I’ve written about this before – how some supervisors and managers didn’t have any prior experience with parts of the organization that they were now in charge of.

That’s makes it a challenge to do a good job at:
- Planning the work
- Assigning the work
- Monitoring the work
- Troubleshooting the work
So they might tend to hide behind popular quips such as “we hire smart people and don’t tell them what to do; they tell us what to do” and, IMO, other such irresponsible nonsense. And yes – there are occasions when that might be the right way to approach something. But that’s in the minority of cases I would venture.

I’ve been involved with almost 30 Performance Analysis efforts since 1982 targeted at Management levels where we define their responsibilities for Outputs and then determine their tasks, leading to the Enabling Knowledge & Skill requirements.
And in almost every effort I heard from supervisors and managers bold enough (confident enough now) to admit their fears at the start of their new managerial roles.

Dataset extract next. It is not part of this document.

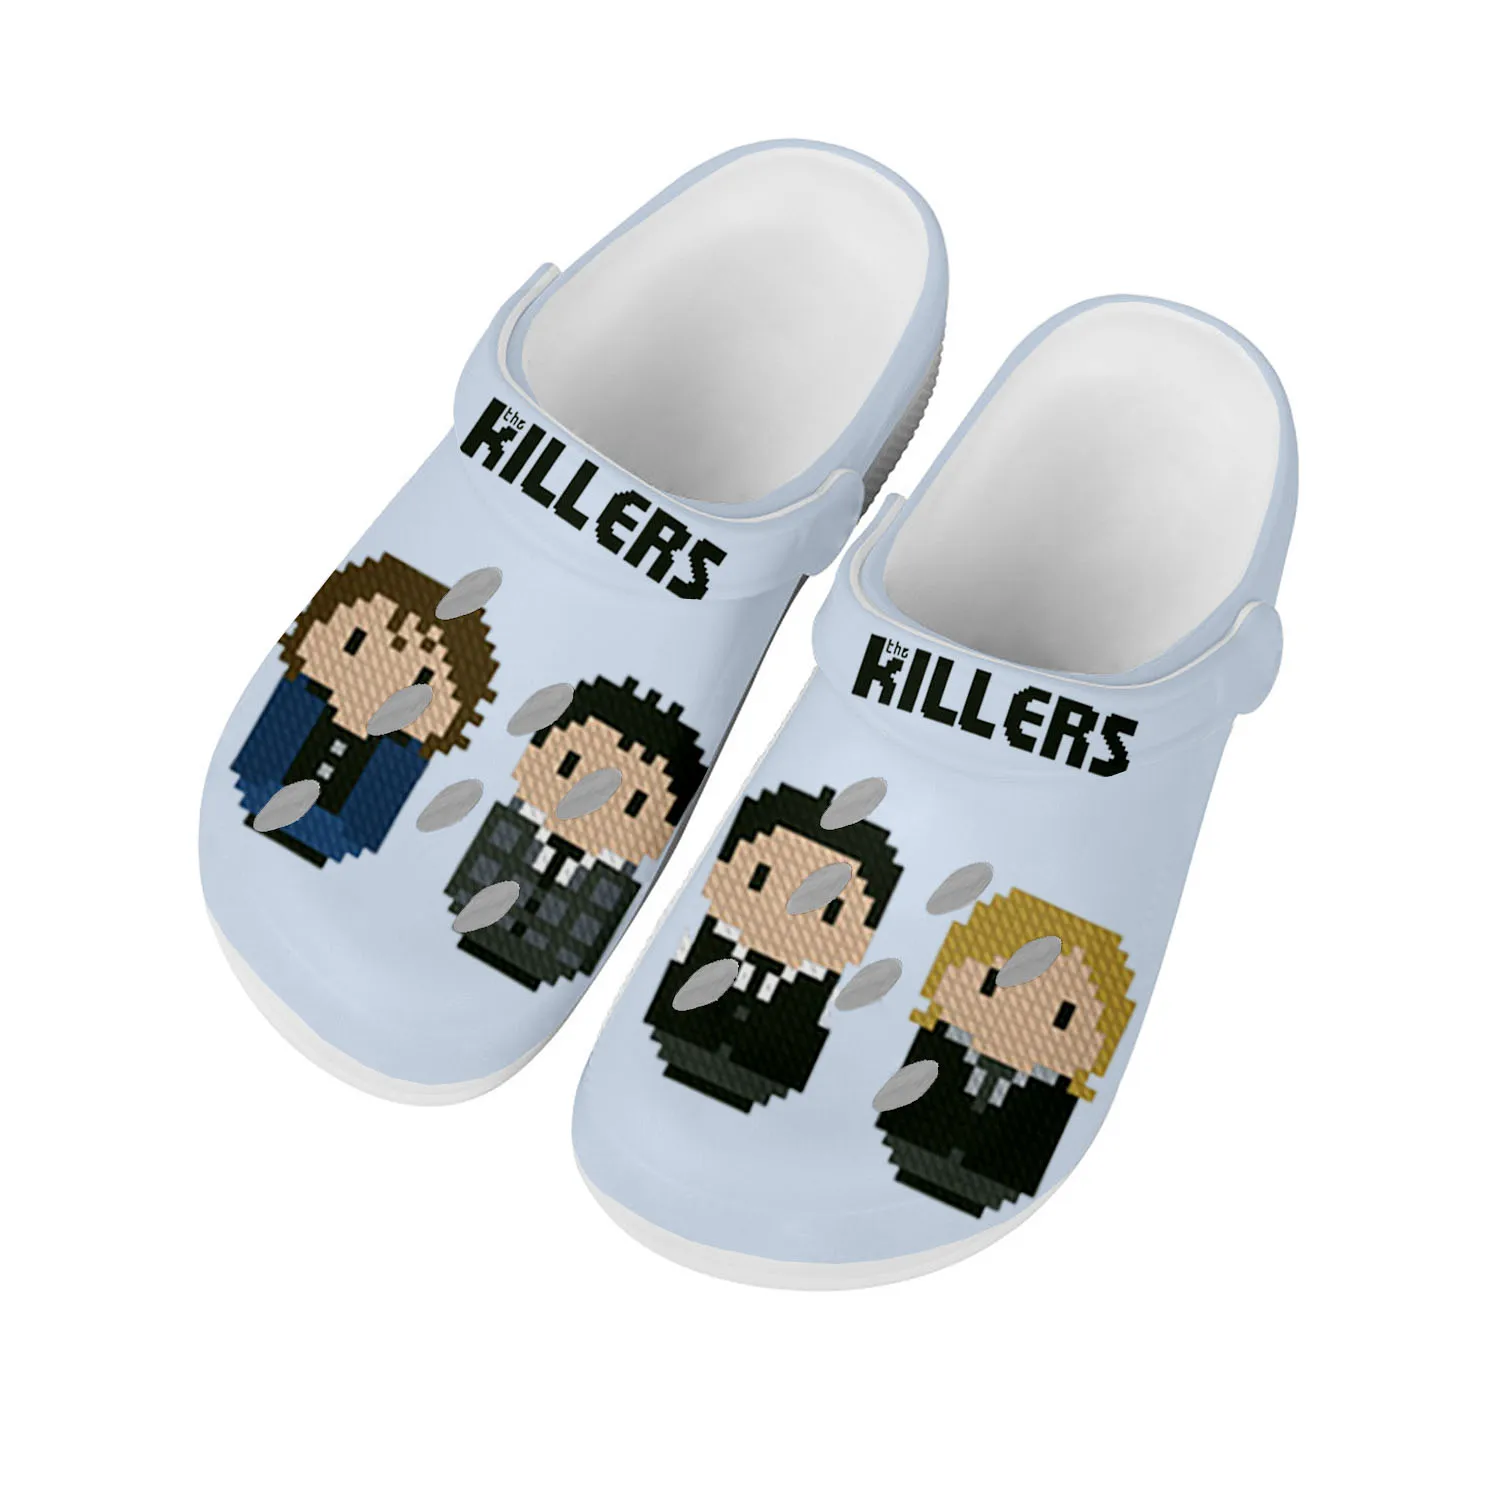 

The Killers Rock Band Home Clogs Custom Water Shoes Mens Womens Teenager Shoe Garden Clog Breathable Beach Hole Slippers White

They often felt lost, trapped in a maze, and over time they demystified their maze, figured out what they knew that was true, untrue and what their knowledge gaps were, and worked to fill in those gaps. It helped when they constructed their own models, mental and physical, of the Work Processes (WorkStreams/WorkFlows) in their areas of responsibility.
Sometimes the people involved my Analysis Processes would pull out diagrams that they had made years earlier to show me how they mapped/diagramed the work of their people.
People can either figure it out on their own – or they can be given the answer – or they can be taught how to define and map their own Processes and Practices.
A Few Books
Back in 1994 my business partners (Ray Svenson & Karen Wallace) and I sat in our conference room with the Analysis Reports for just over 20 managerial analyses we had completed since 1982 – and assembled a model of Management Performance.
That model of Management Performance was used in a book we were wrapping up at the time (my and Karen’s first; Ray’s second), The Quality Roadmap.

That book is out of print – but available from time to time used.